Konkretes gab er zwar nicht preis, sondern verkündete lediglich, beim Erscheinungsdatum des nächsten Buches keine Codes verwenden zu wollen, die seine Fans zu dechiffrieren haben: "Wenn ich fertig bin, dann werde ich sagen, dass ich fertig bin - an welchem Tag das auch immer sein wird. Es wird keine Spielchen geben, weil ich weiß, wie viele Menschen warten und wie gespannt sie sind. Ich arbeite noch immer an Winds. Wenn ich fertig bin, dann werde ich das verkünden."

Er lässt sich nicht unter Druck setzen, weder von Fans noch von seinem Verlag. Kürzlich tauchte ein Manuskript von "A Dance With Dragons" auf, auf dem der Lektor schriftlich eine Vermutung anstellt und Martin fragt, ob diese zutreffe. Die knappe Reaktion des Autors - vermerkt mit rotem Stift: "Nein". Die Fans dürfen also weiter über die Geschehnisse in Westeros und Essos spekulieren. Und sie können nichts anderes tun, als Martin dazu aufzufordern, doch gefälligst schneller zu tippen.

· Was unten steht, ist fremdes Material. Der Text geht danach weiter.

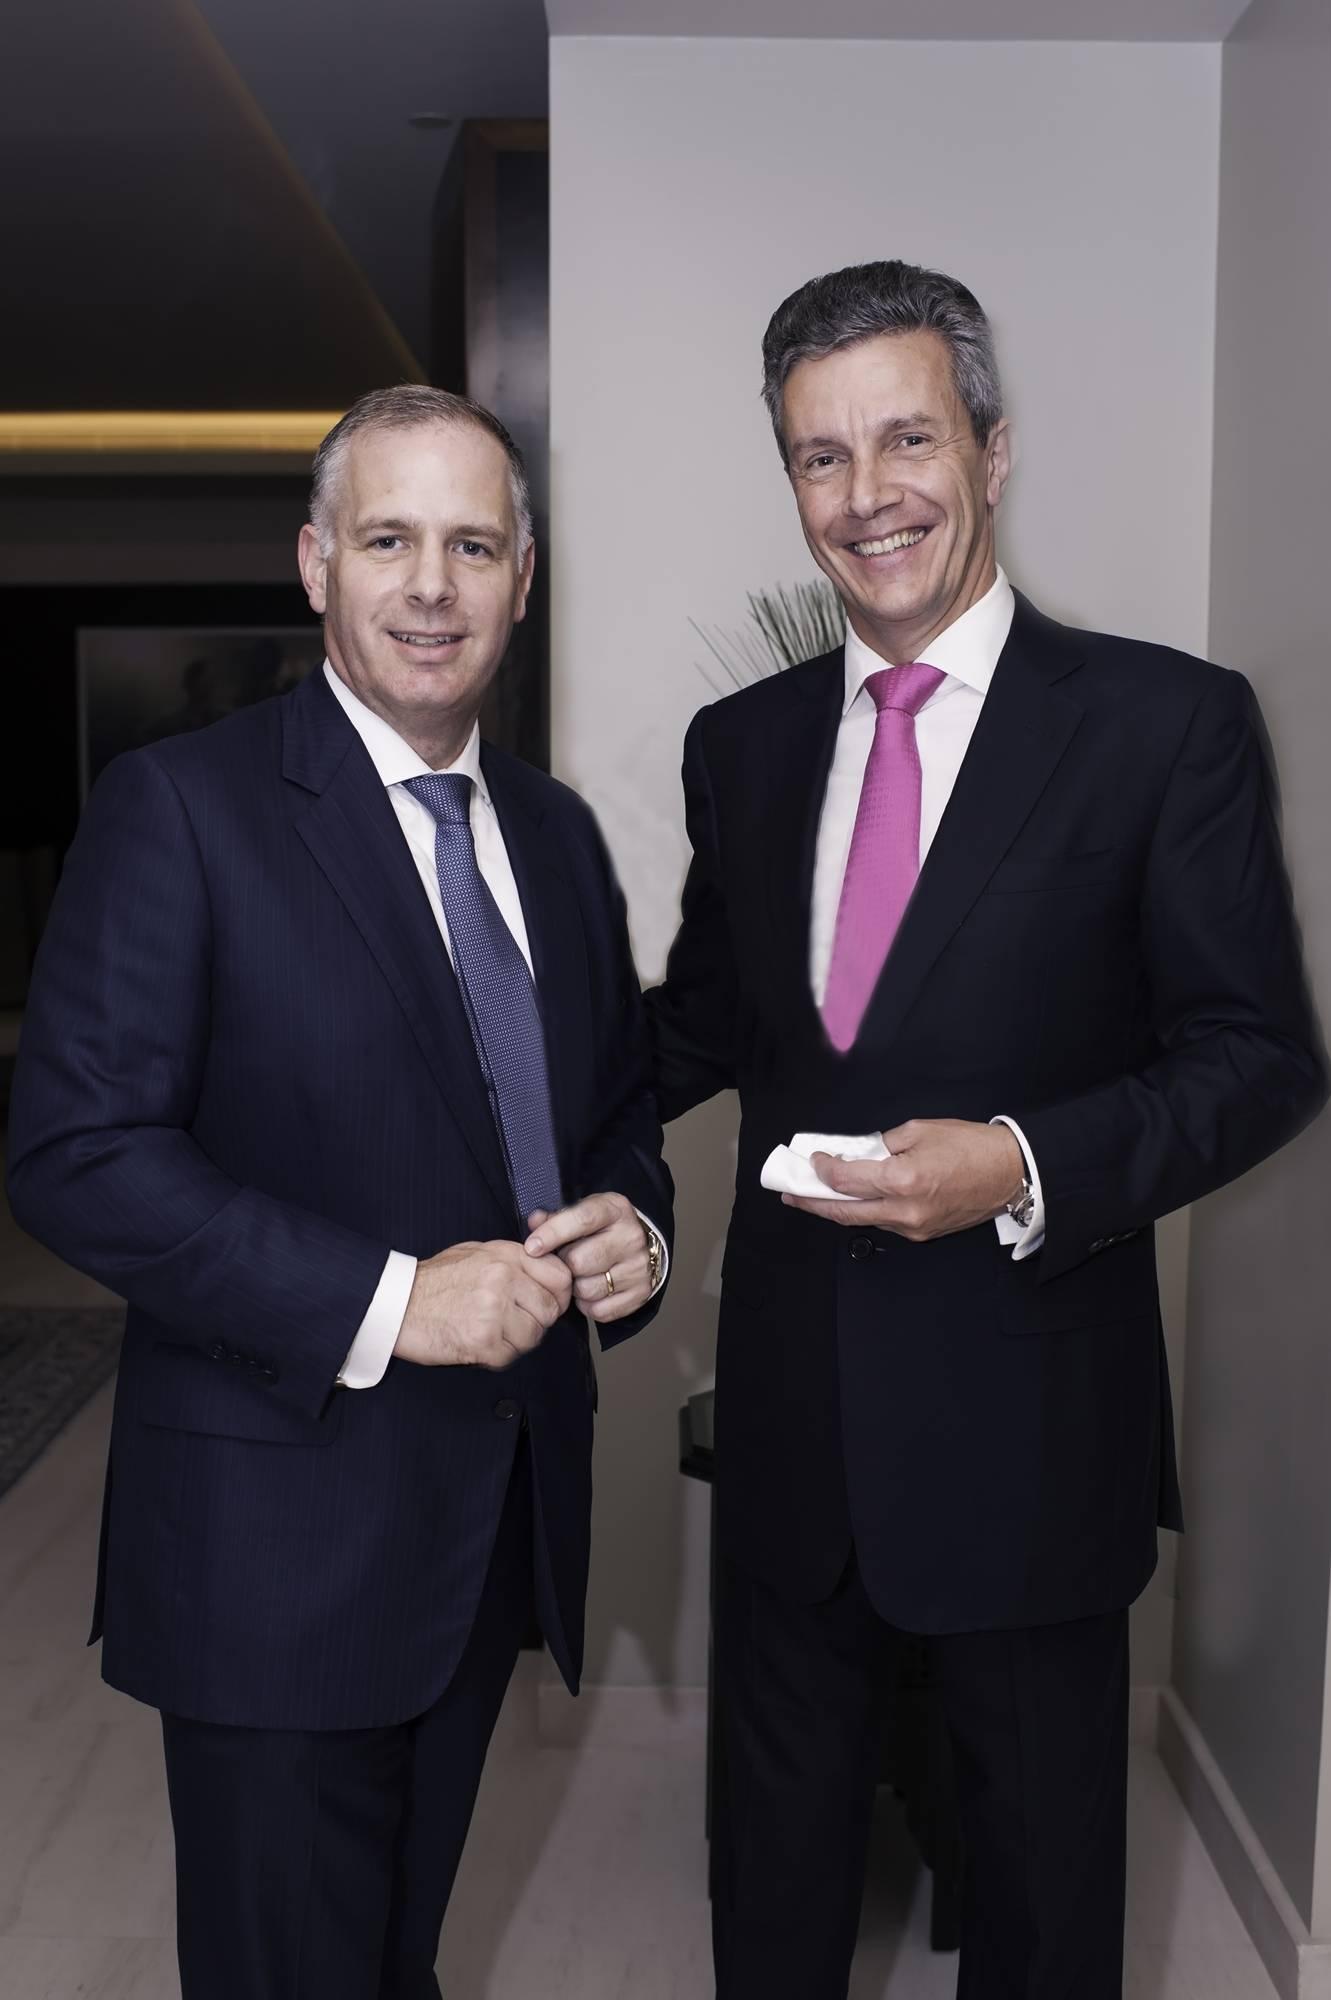 Park Hyatt Dubai's GM Adrian Slater and Jaeger-LeCoultre's CEO Daniel Riedo copy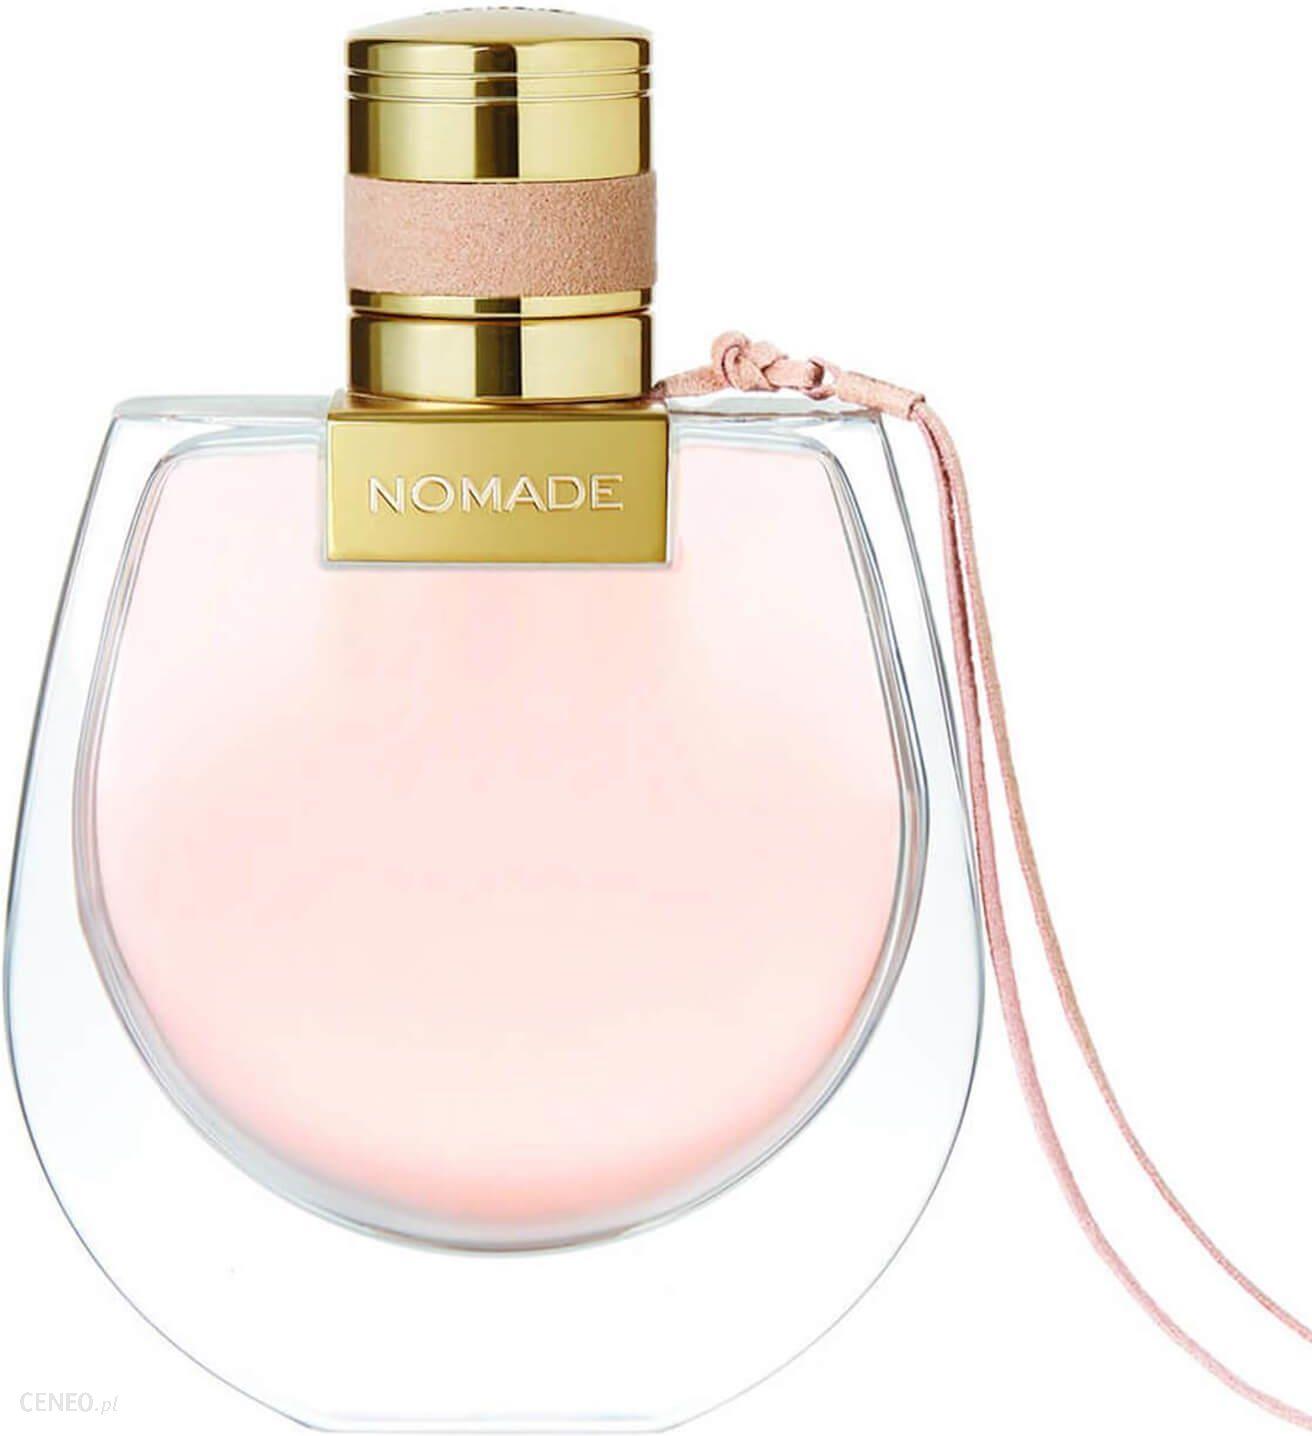 Chloe Nomade woda perfumowana 75ml

Das tut er natürlich, doch nicht immer geht es dabei um Tyrion Lannister oder Daenerys Targaryen. Vor einer Woche etwa beschwerte er sich heftig über eine Schiedsrichterentscheidung beim Football. "Wenn ich ein Fan der Detroit Lions wäre, dann würde ich nun Zeter und Mordio brüllen", schrieb er auf seinem Blog. Irgendwie schön zu sehen, dass der Mann nicht in einer dunklen Kammer hockt und kurz vor dem Burn-out an den nächsten Kapiteln arbeitet, sondern sein Leben genießt und sich wie alle Sportfans über Schiedsrichter aufregt - so lange er auch weiter an "The Winds of Winter" arbeitet.